他回身才发现站在他身后的孟子君和鹤枫两人不知何时不见了。
“……”
视线扫了一圈,最后落在了在村长家排队记名的人。
而给他们记录的人就是孟子君。
鹤枫在一旁给她磨着墨,但远远看过去有些奇怪。
特别是鹤枫…本来就是个粗人,拿刀拿枪杀敌人的人,还是第一次磨墨。
动作看起来有些不娴熟,甚至已经弄到手上了。
罗县令实在是看不下去了,走过去将他手里的墨块抢过来,“鹤大哥,还是我来吧,这种事你做不合适。
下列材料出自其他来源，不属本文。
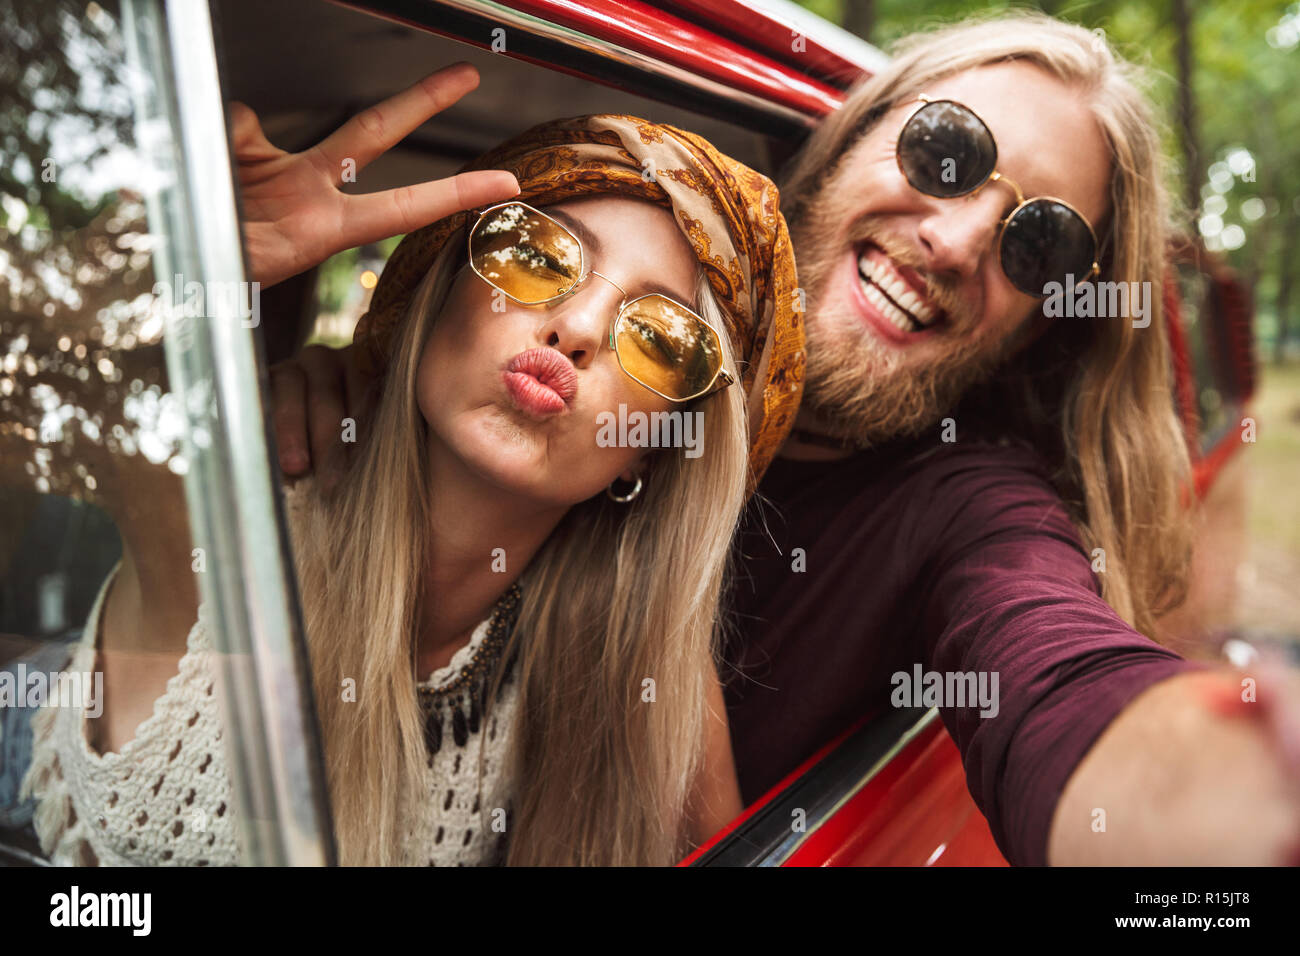 Photo de type couple hippie montrant signe de paix en conduisant une fourgonnette rétro en forêt Banque D'Images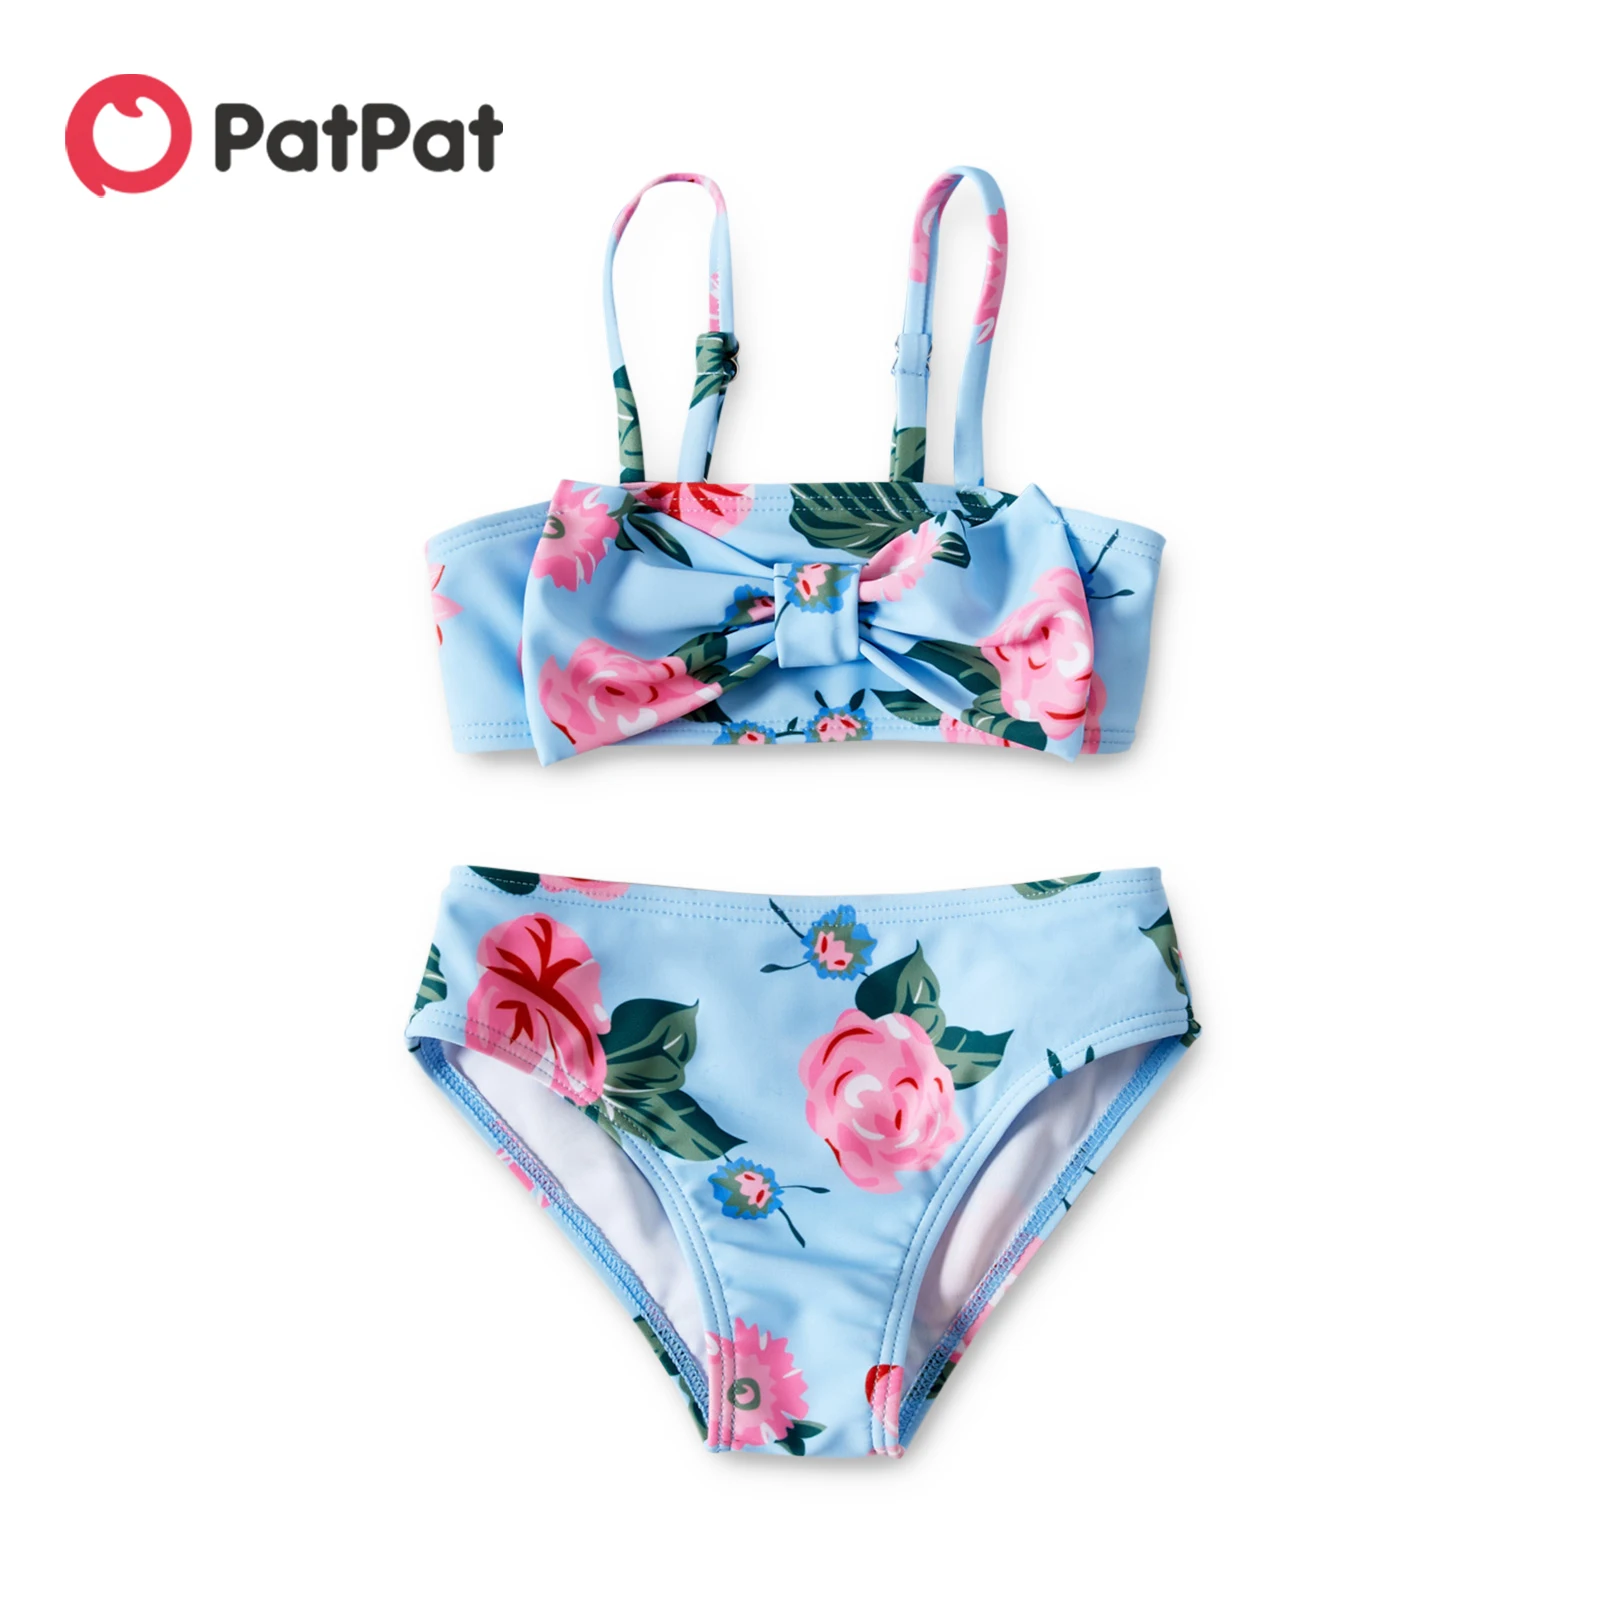 

PatPat 2pcs Baby Girl Swimsuit Floral Print Bowknot Summer More Festivals Swimwear for Children Girl

”
顶着某人的视线,他僵着背脊颤颤悠悠的解释道。
心底其实在流泪:这是造了什么孽哟!
“确实。”
鹤枫看了看手上染的墨,在看看他磨墨的动作。
确实他刚才的动作没他的看起来自然呢。
待记录完,粗略一数差不多有十五人左右。
将册子收起来,便叫上村长带着人往村里屋子塌的比较严重的地方去了。
眼前的屋子塌了一大半,墙和屋顶都塌了,这要修理起来就是个大工程,且现在还没有瓦片。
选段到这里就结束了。